Gov’t to follow GECOM Chair’s call on elections date ‘even if is October’ -Ramjattan

Some of the protesters
Some of the protesters

It is up to Chairperson of the Guyana Elections Commission (GECOM) Claudette Singh to say when elections can be held and government will follow her recommendation even if an October date is given, Minister of Public Security Khemraj Ramjattan said on Saturday.

“She is there today and she will have to vote and put her hand up whether the registration exercise must come to an end. She will have to vote to say whether now is the time that we can finish so that Mr President, you will have the elections by December month or whenever,” the minister told a meeting at Springlands, Corriverton, Region Six. “We agree that she must call and make the call,” he said.

“We are going to wait and ask her ‘Madame, are you ready?’, ‘When you ready?’, and then when she say that the list is going to have all the names of those who are valid voters by December, November, whenever, even if is October she say it, well then we are going to hold elections by that time,” he added.

Attendees at the Springlands meeting

With elections constitutionally due following a successful no-confidence motion against the APNU+AFC government, GECOM is deadlocked on the way forward. President David Granger has maintained that it is GECOM that has to advise him on the date for elections based on its readiness. However, some government ministers have been indicating a date in December.

On Saturday, a large number of persons protested Ramjattan’s meeting and shouted continuously during his speech, calling for the government to resign and call elections.

Ramjattan told Corriverton residents that Singh, a retired judge, is the perfect person for the job.

According to him, she knows the elections laws better than any other judge. “She did a case some 15 years ago, the Esther Perreira case, and in that case, I was the lawyer with Ralph Ramkarran and in that case we quoted so much law to her that she had to know the election law more than anybody,” he said.

“She is now, today, the perfect judge that is the chairman of GECOM, the most fit, the most proper person to be chairman,” he said, while adding that it is Singh who will have to indicate when GECOM is ready for the polls.

Meantime, Ramjattan also told the small gathering that now is not the time to return the PPP to government because of their bad and corrupt decisions. “I am not saying that we haven’t had our mistakes in this last four and a half years but every time there have been a mistake, we have investigated it immediately,” he said.

42 policemen

He pointed out that after allegations of police officers being corrupt emerged, investigations were launched “and indeed we have knocked off about 42 policemen. That never could have happened under the PPP.”

He said too that the Guyana Police Force’s crime solving rate has increased.

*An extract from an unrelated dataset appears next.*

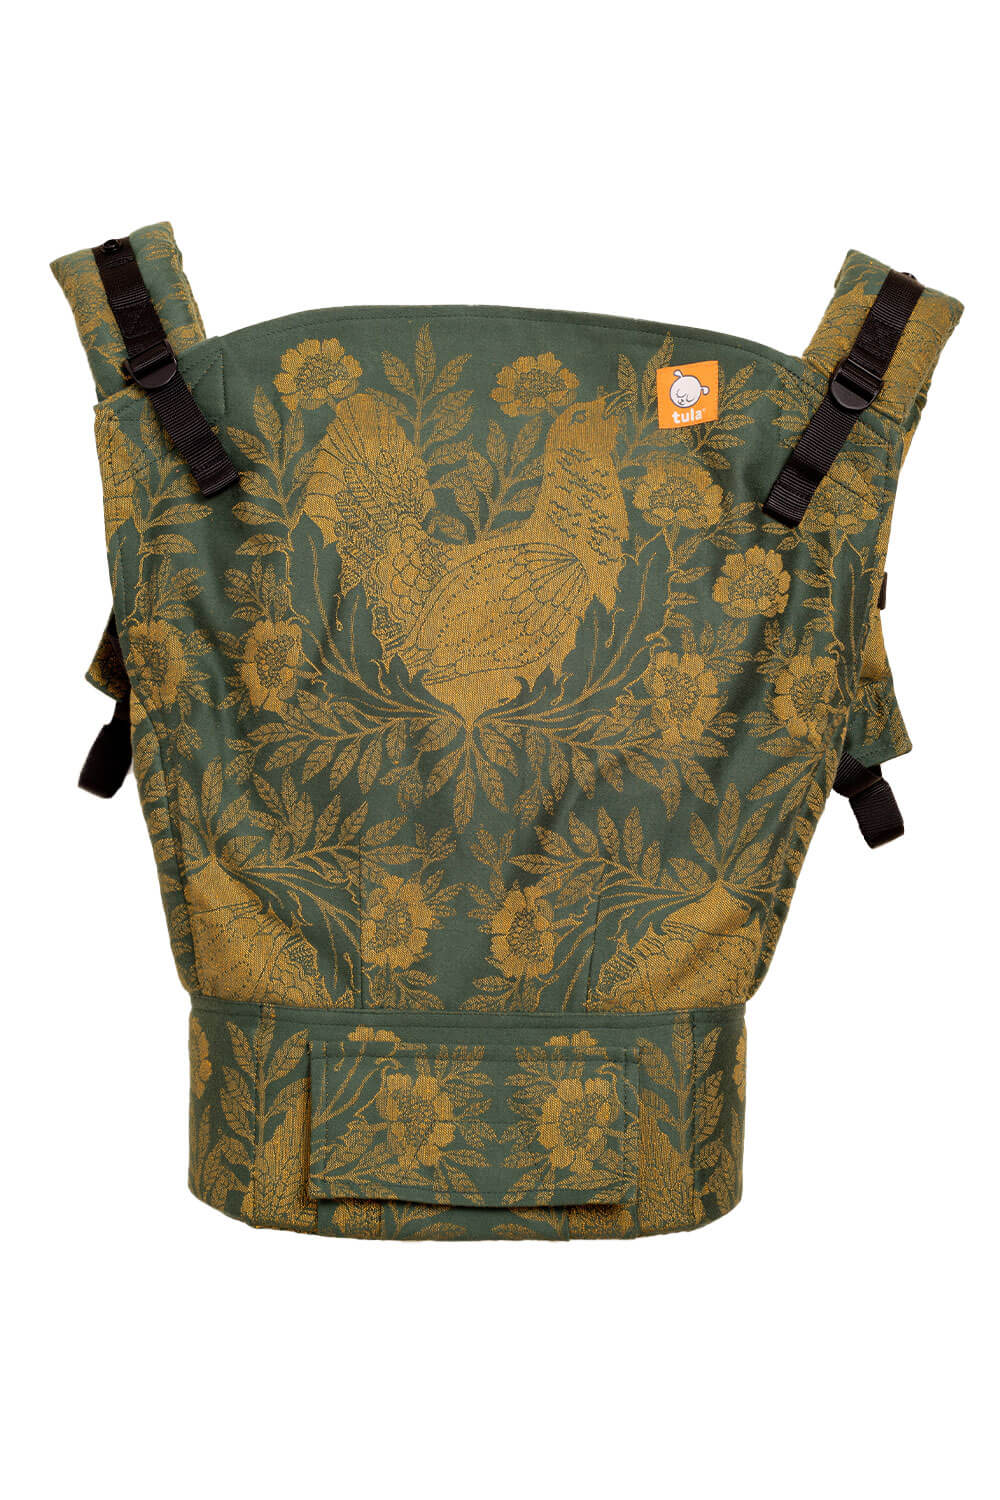 Capercaillie Pinewood - Signature Woven Toddler Carrier
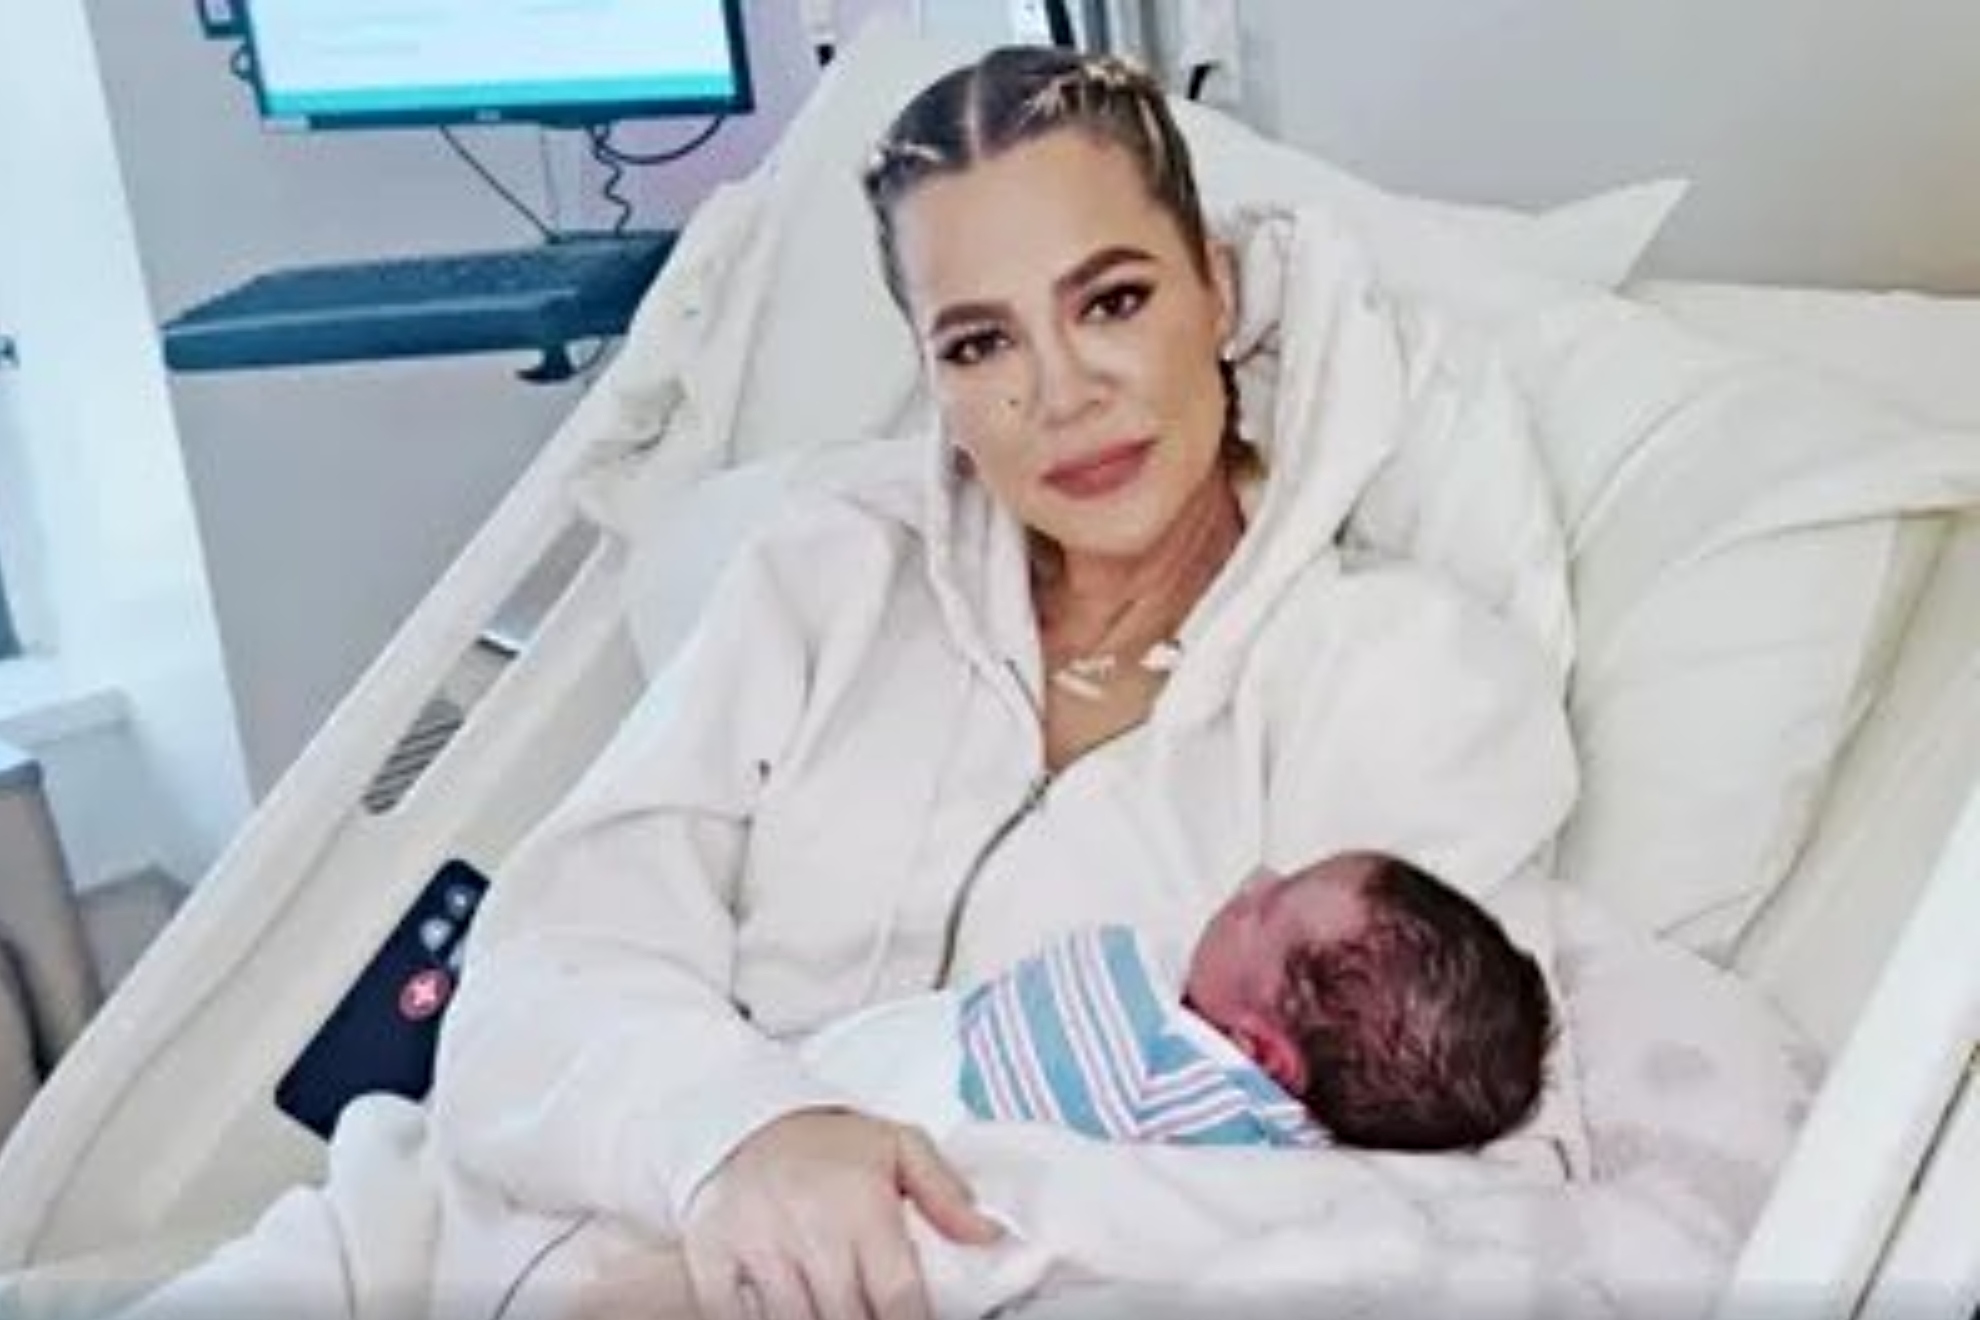 Khloe Kardashian's latest controversy: She poses with baby in hospital bed despite paying for a surrogate

According to Ramjattan, from 2015 to now, serious crimes have reduced by 25 per cent. “It used to reach per annum over 4,000 in 2013, then it drop to 3,800, then it drop to 3,700 and from 2015 to now, it has dropped to 2,800, that’s a big decline,” he said.

Additionally, the crime rate on the sea has been reduced to almost zero per cent overall, the minister said. “We have professionalised and will continue to professionalise the police force,” he asserted. He added that they have also ensured that the emergency 911 service works and are working towards securing more patrol vehicles for the force.

The minister also called out PPP presidential candidate Irfaan Ali and Opposi-tion Leader Bharrat Jagdeo multiple times during his 44-minute address. He highlighted that Ali will have to appear in court today in relation to 19 charges and also criticised Jagdeo’s decisions in relation to the sugar industry. 

Ramjattan said that the PPP’s massive corruption while in government is what caused them to lose the 2015 elections “and today they will have all of us being confused as if they didn’t do any wrong.”

The minister told those gathered that a Commission of Inquiry was set up so as to ensure the right decision was made in the sugar sector. “When we got into the administration, we knew that sugar was not going to be profitable,” he said while adding that a decision was then made to right-size the industry by closure and privatisation of various estates.

According to Ramjattan, for the first 36 months of being in government, the APNU+AFC administration had to “take $1 billion per month” to run the Skeldon factory and the Guyana Sugar Corporation (GuySuCo).

“Normally, you would get GuySuCo, the rice, sugar, bauxite, gold bringing in money into the treasury (but) what we however had was that we had to give GuySuCo $1 billion a month for 36 months until we rightsized it and say ‘hold on’ this country got other workers [other] than sugar workers. It got policemen, it got nurses, it got teachers, it got soldiers; we got to pay them…’”

He recalled that since 2004, the European Union had told former president Jagdeo to “stop doing what you are doing because it is not going to have a future. Sugar will not be a big player because there are so many other alternatives to it now.”

He said the money that was being used to subsidise the sugar industry has been put to other purposes such as rehabilitation of police stations and tackling piracy. Money was freed up for the education sector as well. “We are doing better. We have to pay our teachers better and we have monies to pay our teachers better [and] they are going to perform better,” he said.